For a Returning Citizen, Financial Education Is the Key to Starting a Second Act

How a JPMorgan Chase program is giving returning citizens the opportunity and education they need to succeed.

March 30, 2023

Andre H. was uneasy. He had six months left on his prison sentence, and the idea of life after release left him nervous.

“I was excited and happy to be going home, but there was some fear,” he recalls. "There are things you don’t think about until you’re faced with them — things like financial literacy, which you’re going to need. You’re going to need a bank account when you get out.”

Those concerns prompted Andre to sign up for financial literacy classes organized through Reach Success, a Cleveland, Ohio, nonprofit. It helps incarcerated people transition back into society through its Inside Out program, which provides access to stable housing, educational pathways, career options and other needed resources.

There’s a significant need for such initiatives: The United States is home to roughly five million formerly incarcerated people. One in three Americans have an arrest or conviction record, making it difficult to secure gainful employment and tap into economic opportunity.

JPMorgan Chase provides philanthropic capital to Reach Success to support its re-entry efforts, and the bank’s employees lead the program’s financial literacy workshops.

The financial aspect of Inside Out felt particularly valuable to Andre. “It was almost priceless,” he recalls.

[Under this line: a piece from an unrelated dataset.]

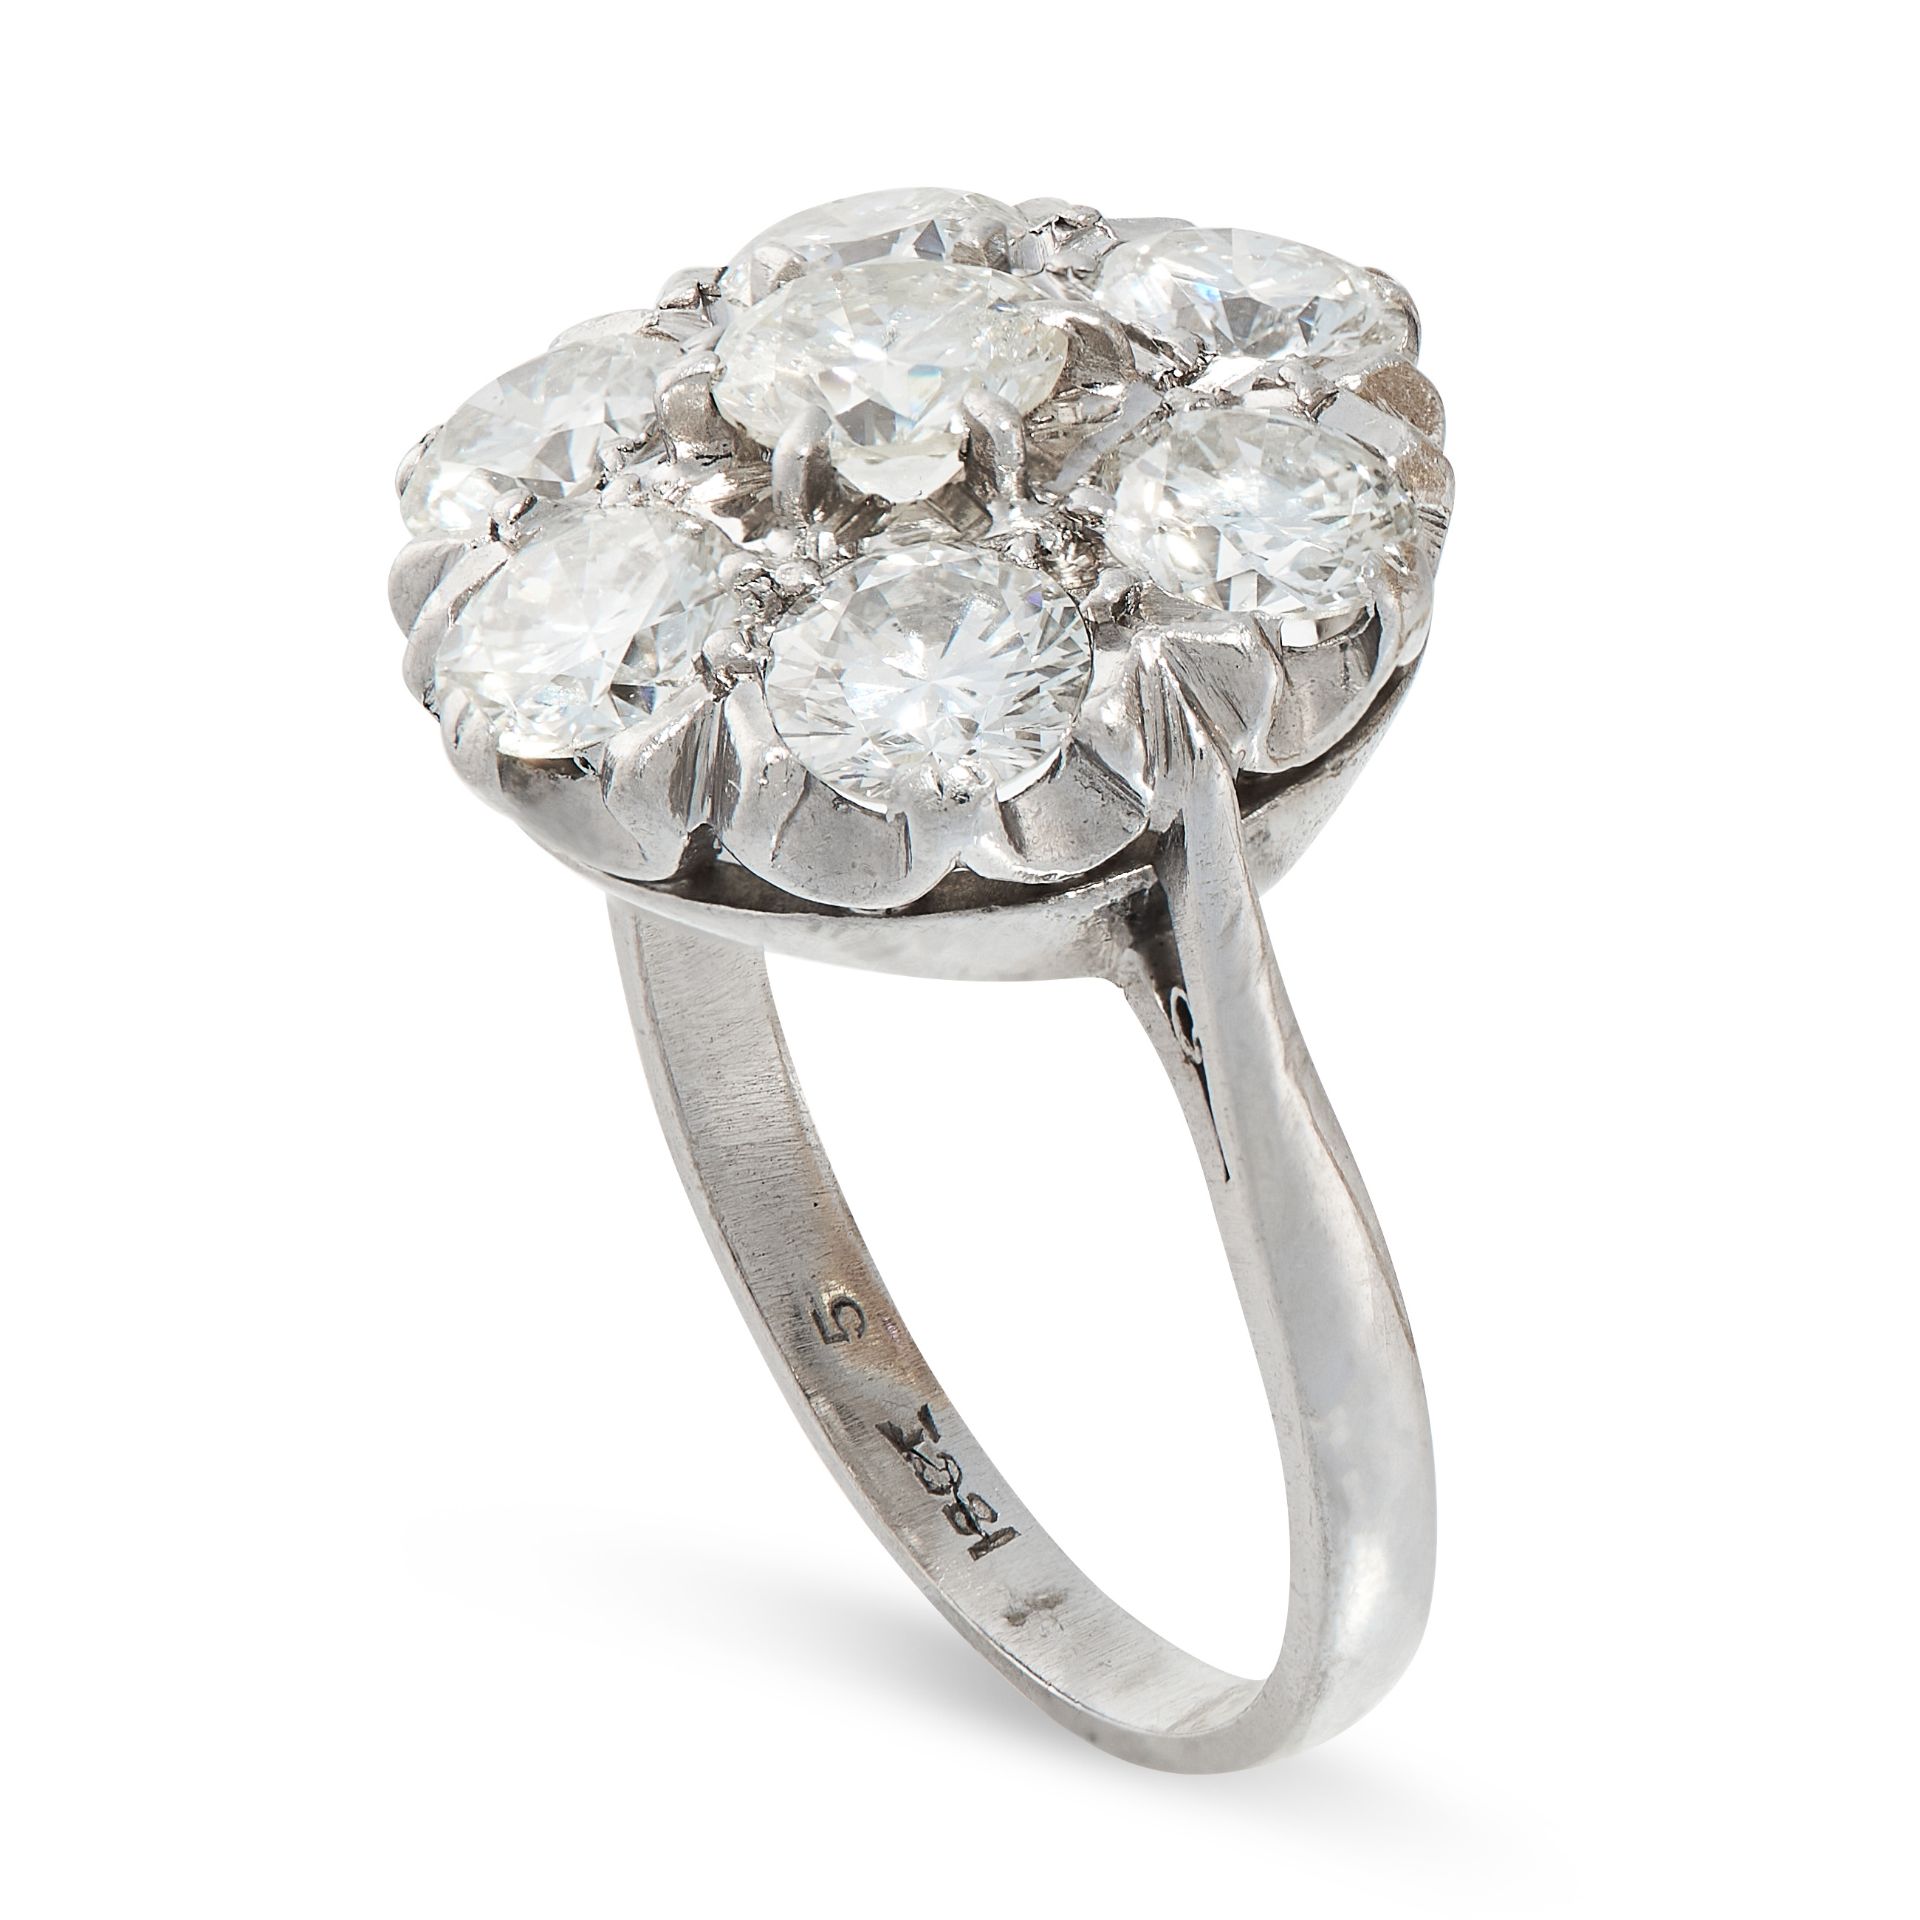 A DIAMOND CLUSTER DRESS RING in 18ct white gold, set with seven round cut diamonds, the diamonds all - Image 2 of 3

Support Plus Opportunity Equals Success

The workshops Andre attended were led by Dominic Wright, a Vice President in the JPMorgan Private Bank and Denise Steele, the Community Engagement Manager on JPMorgan Chase’s Corporate Responsibility team. The pair provided attendees with a wealth of educational materials on financial topics like how to overcome identity theft, a common challenge among people re-entering society; how to access your credit report while incarcerated; and how to open a bank account once released.

At the end of each workshop, the duo gave attendees a question that they had to answer before the next class. “Guys would get together, go to the library, research and see if they could come up with the answer,” says Andre.

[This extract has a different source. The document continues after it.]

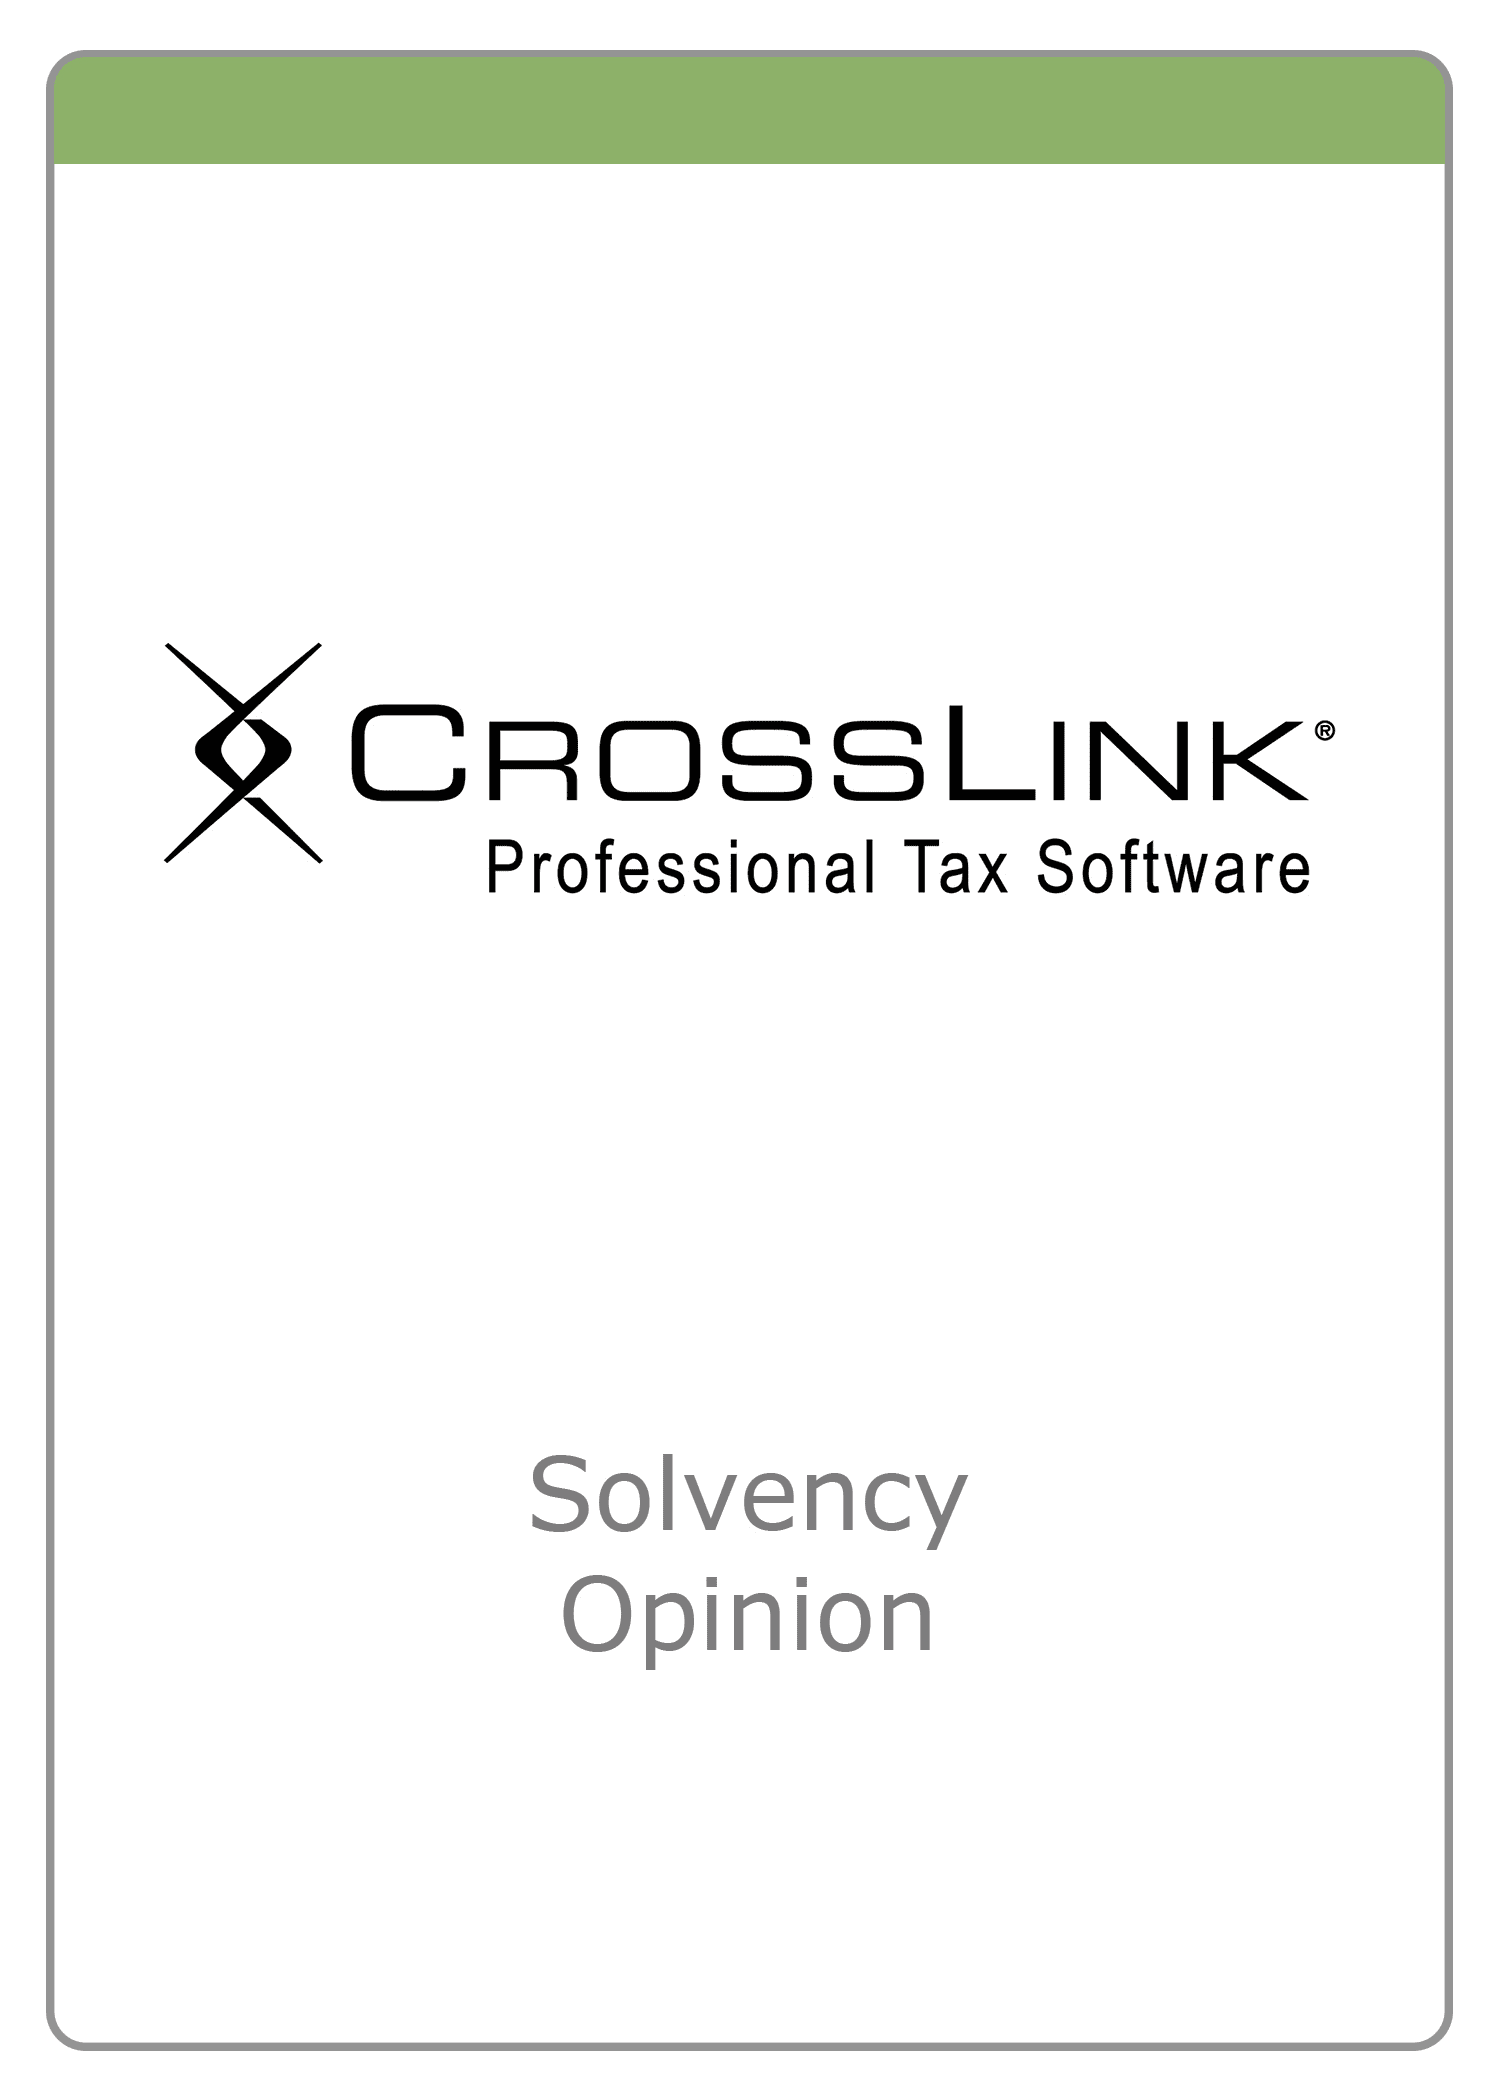 CrossLink - Transaction Opinions - The McLean Group

“The assignments kept engagement high. “To see the interest and to see how much they loved what we were going over was really meaningful,” says Wright.

Steele concurs, recounting a moment she won’t forget. One of the participants told her and Wright that he didn’t know what to expect from the class, because he didn’t like attending school. Afterward, he told Steele, “The presentation was amazing. Now I’m thinking about returning to school to go to college.”

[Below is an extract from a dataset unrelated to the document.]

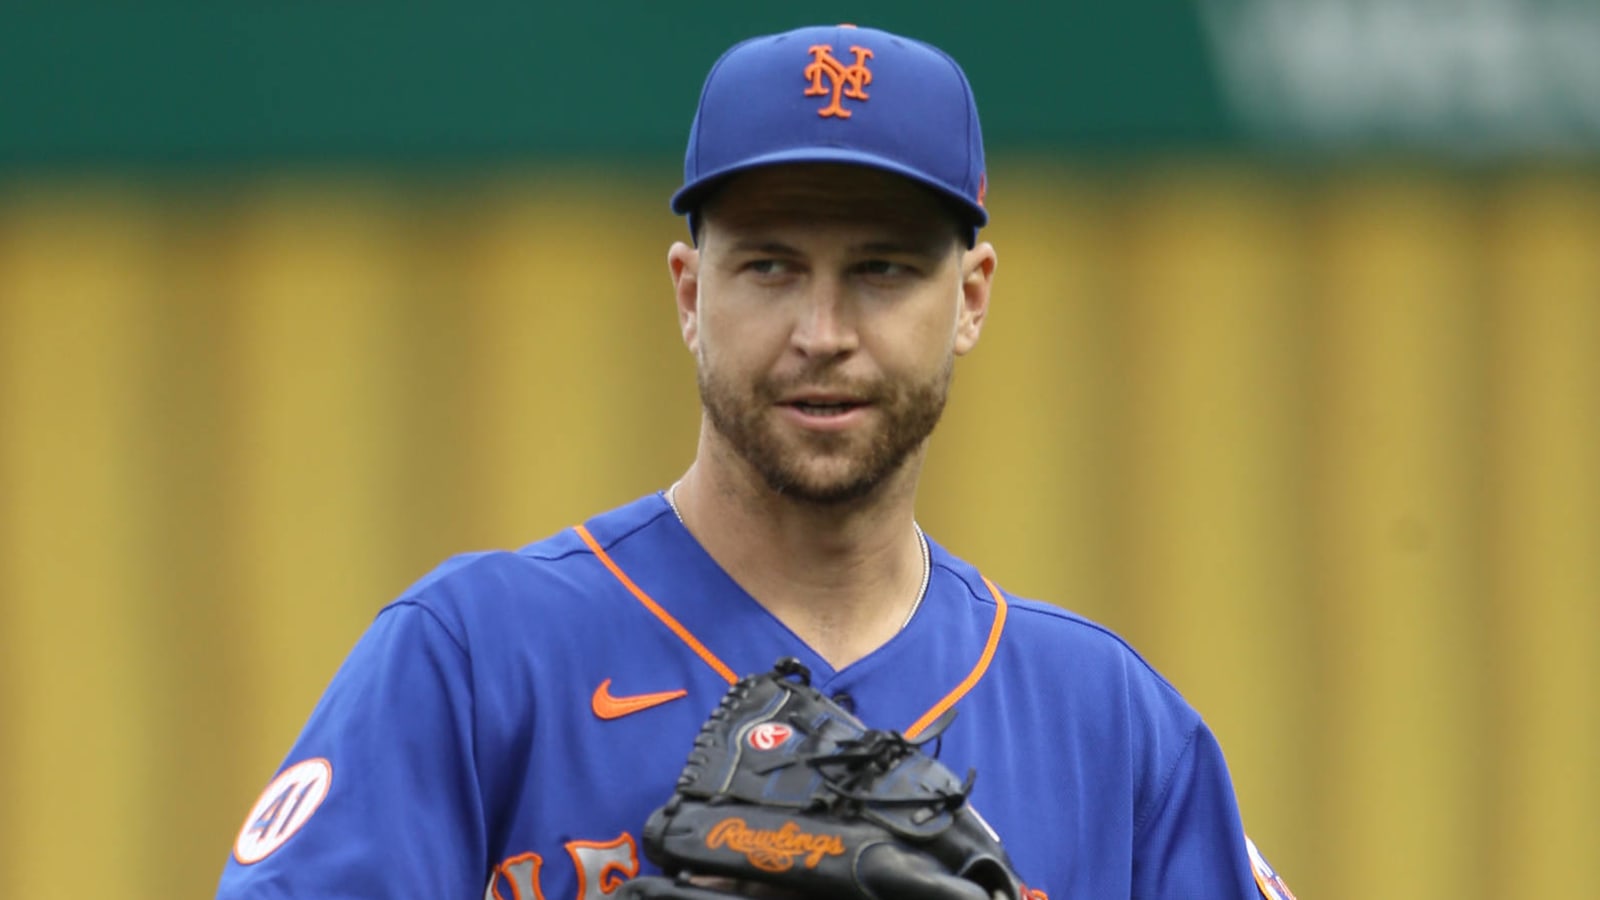 deGrom: 'No complaints' after first trip to mound in a week

Andre’s Continuing Journey

Speaking of college, the program has helped Andre achieve another dream: After his release from prison, he went on to earn a bachelor’s degree in business from Ashland University in Ohio. He graduated magna cum laude. Currently, Andre is working as an electrician’s apprentice, and is planning to attend graduate school to earn an MBA.

And his relationship with JPMorgan Chase didn’t end after those financial trainings. After his release, Andre visited a Chase branch in Cleveland to open an account. He noted how “comforting” it was that the manager there was already aware of the firm’s programs for returning citizens. 

“She understood immediately. I didn’t have to overly explain my situation, and that meant a lot,” he says.

“People that made mistakes sometimes just never had a chance to do anything different,” says Reach Success founder Bill Horning. “But now if we can give them a vision of a different world…Holy cow, it’s amazing what they can become.”

Changes on the Horizon

Widespread challenges faced by people both while incarcerated and post-release point to systemic issues. Reach Success’s work is paving the way for system-wide solutions.

For example, the financial workshops run through JPMorgan Chase and Reach Success’s partnership alerted Ohio’s correctional administrators to the high incidence of identity theft among incarcerated populations. In response, the Ohio Department of Rehabilitation and Correction is considering instituting a policy to help incarcerated people access credit freezes.

While Reach Success and JPMorgan Chase are aiming for systemic change, the organizations never lose sight of the individual.

“Reach Success never made me feel like a number,” Andre says. “They followed up with me. They got in contact with my family before I left incarceration, and they are still in contact. They call me directly and see if I need anything. They’re actually there for you.”